Much fewer rate constants were measured for CO₃^•−, Cl₂^•−, and ClO^• than for the previous three radicals. The reduction potentials of these radicals are smaller, 1.78 V (pH 7), 2.1 V, and 1.39 V, respectively (Table 1). The diffusion-controlled rate constants are similar or smaller than for the radicals of the previous group: 7.3 × 10⁹, 7.3 × 10⁹, and ~1 × 10¹⁰ mol⁻¹ dm³ s^−1, respectively (Table 2). The measured rate constants of these radicals, in just a few cases, approach the diffusion-limited values. Therefore, the rate constants are practically entirely controlled by the chemical reactivity. ClO^• does not react with aliphatic alcohols; in cases of CO₃^•− and Cl₂^•−, some reactions were suggested, although with low rate constants.

H^• reactions show close similarity to the reactions of ^•OH despite the very low negative reduction potential of H_aq⁺/H^• = −1.9 V (Table 1) and the very high diffusion-controlled rate constant of 2.9 × 10⁹ mol⁻¹ dm³ s⁻¹ (Table 2). The rate constants of H^• reactions are about 0.5–2 orders of magnitude smaller than those of ^•OH.

5. Conclusions

When the measured rate constant (k) is close to the diffusion-controlled constant (k_diff), the chemically activated rate constant (k_chem) is much higher than the experimental one. We suggest using k_chem instead of k when the reactivities of different radicals are compared, and also for comparison of the experimental results with the results of theoretical calculations.

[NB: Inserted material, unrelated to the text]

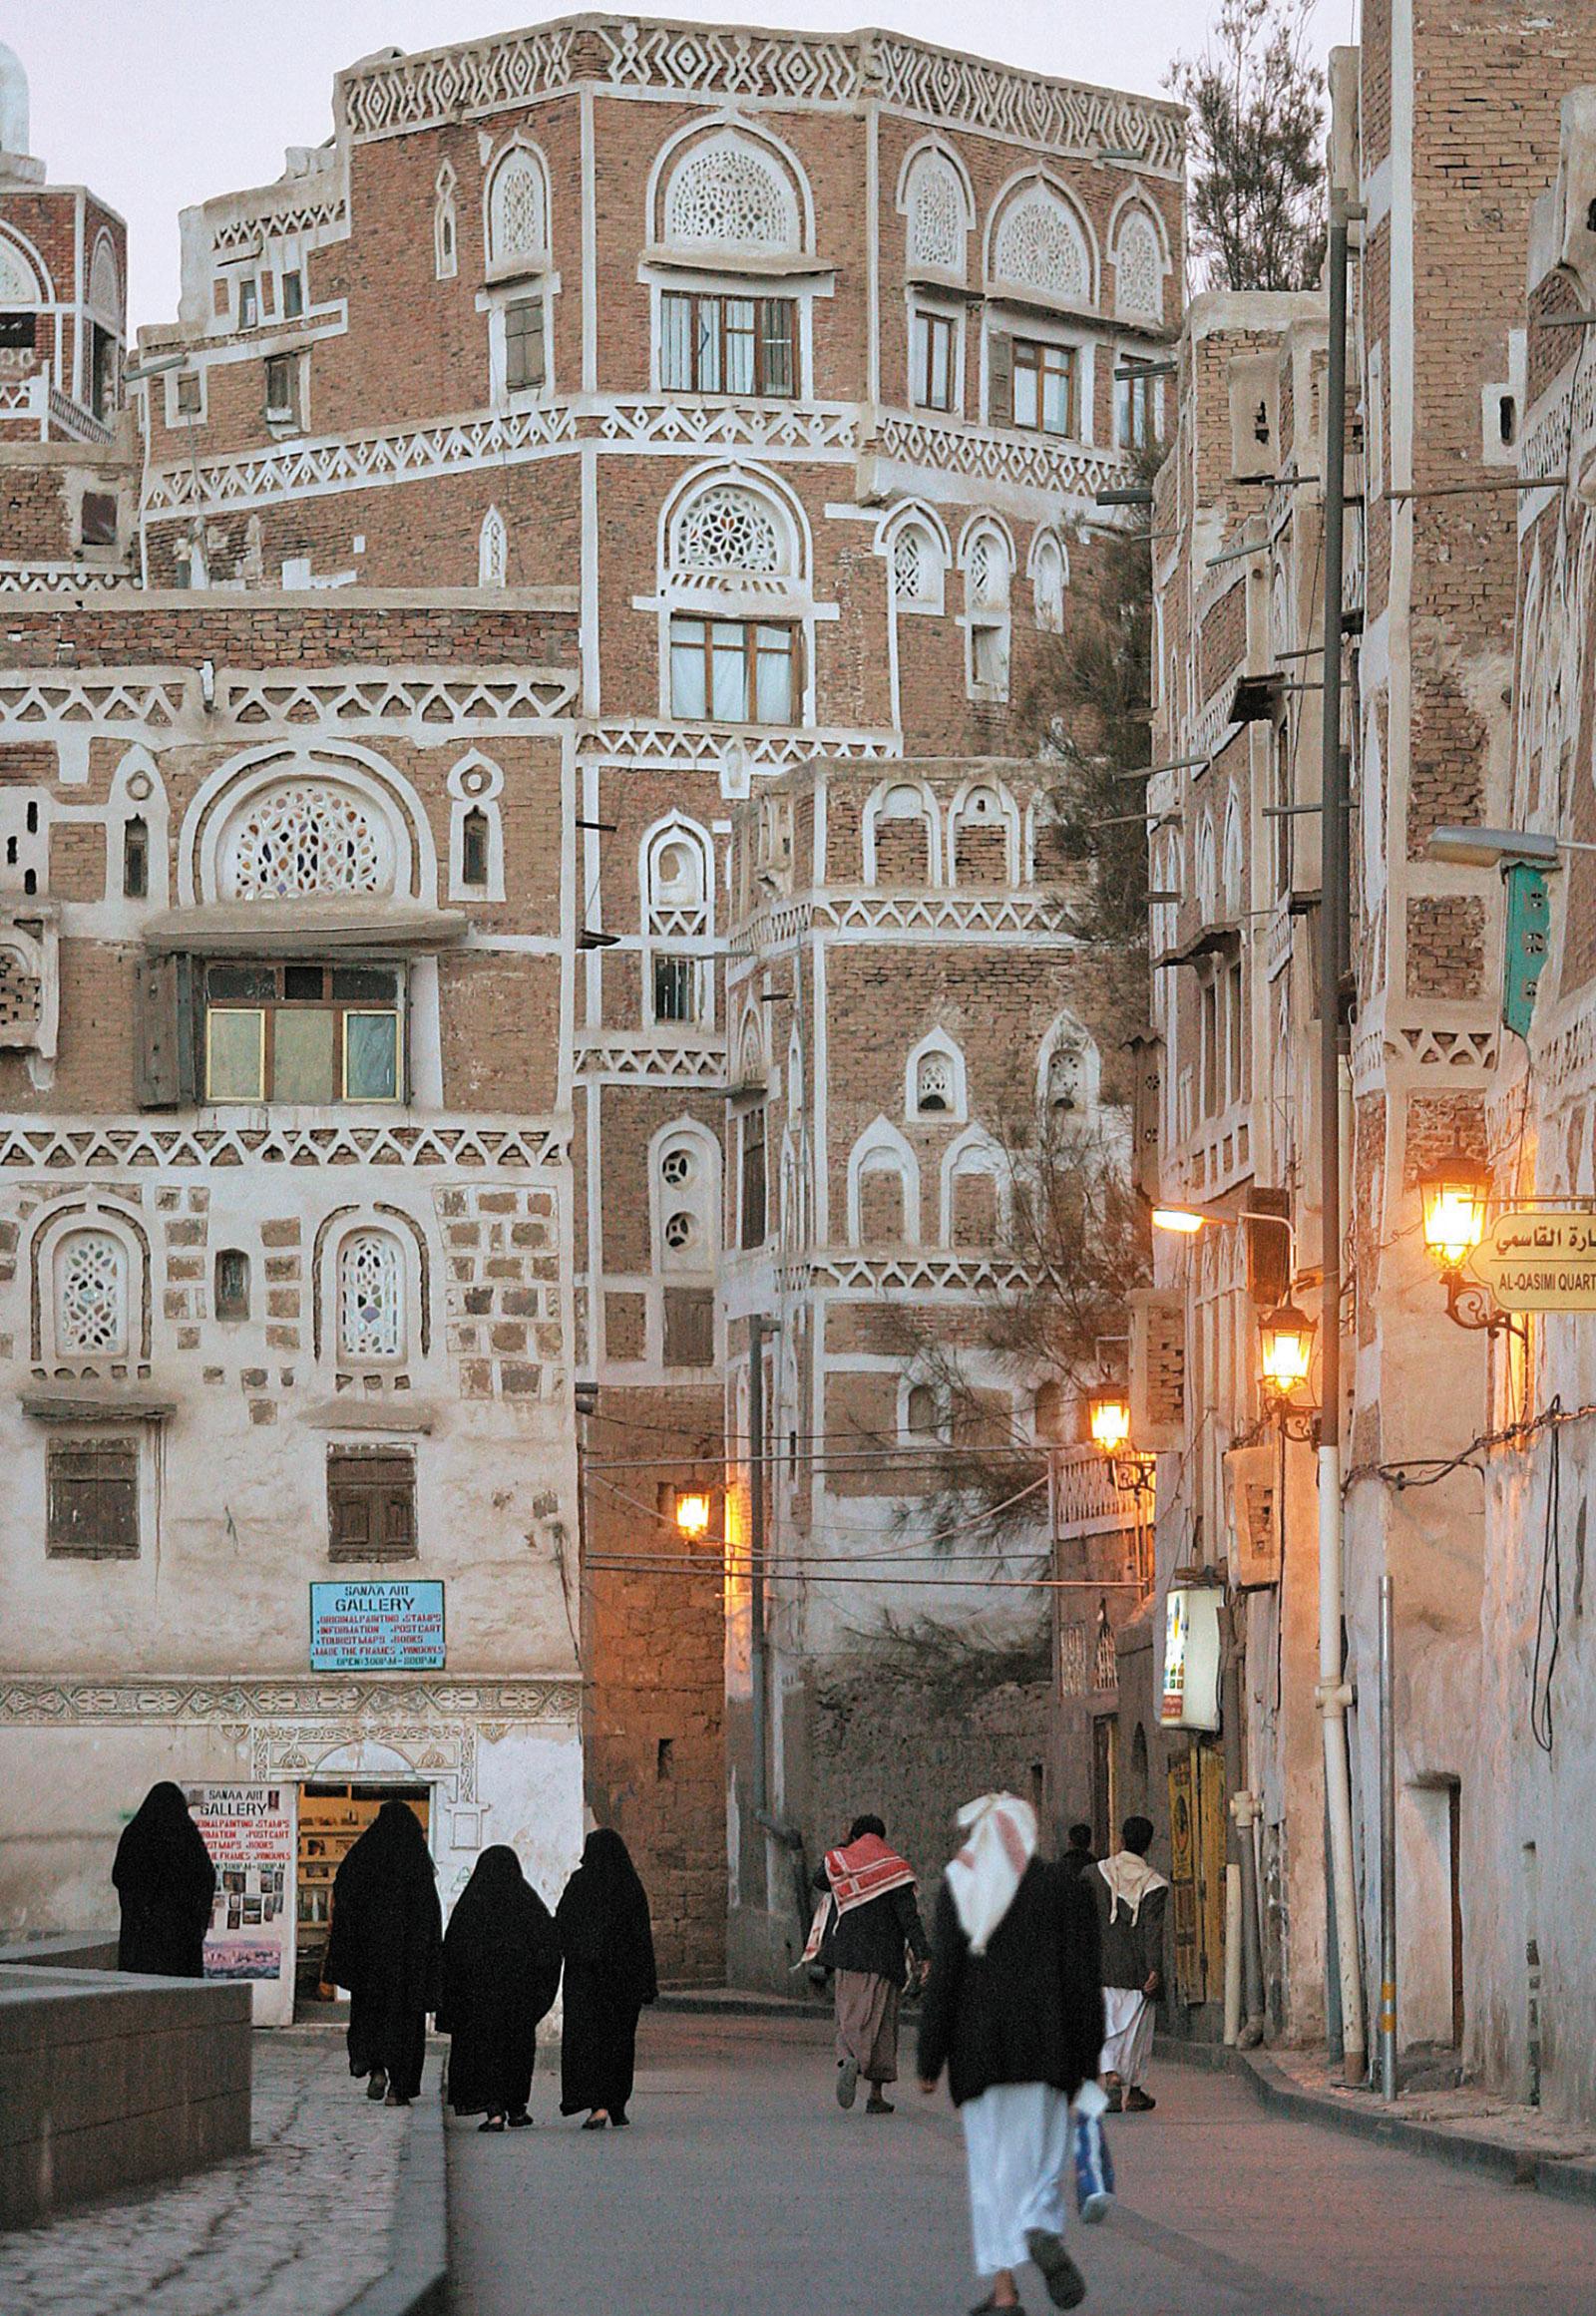 The old city, Sanaa, Yemen, 2006

H^• in reactions with organic molecules behaves similarly to ^•OH. However, the measured k_•OH values on average are 5.2 times higher than the k_H• data for simple aromatic molecules. This relation for the chemically activated reaction rate constants is 14.7. The rate constants of the chemically activated reaction of SO₄^•−and ^•OH are also correlated. There are some connections also between the rate constants of the low reactivity radicals, Cl₂^•−, CO₃^•−, and ClO^•.

All radicals show higher reactivity with those molecules and parts within molecules (inner selectivity) that have higher activating electron density. This statement is also true for H^• reactions. The radicals may show selectively high reactivities with some organic molecules, e.g., Cl₂^•− reacts with high rate constant with S-containing molecules.

The reactivity of Cl^•, ^•OH, SO₄^•−, Cl₂^•−, CO₃^•−, and ClO^• decreases with the decreasing reduction potential.

Correlations between rate constants of different radicals may help to establish the reaction mechanism, e.g., the relation between ^•OH and H^• rate constants suggests a RAF/HAT mechanism for both radicals. Correlation between ^•OH and SO₄^•− chemically activated rate constants suggests that the RAF mechanism also occurs in SO₄^•− reactions. Chemically activated rate constants can provide a correct basis for estimating the values of unknown rate constants.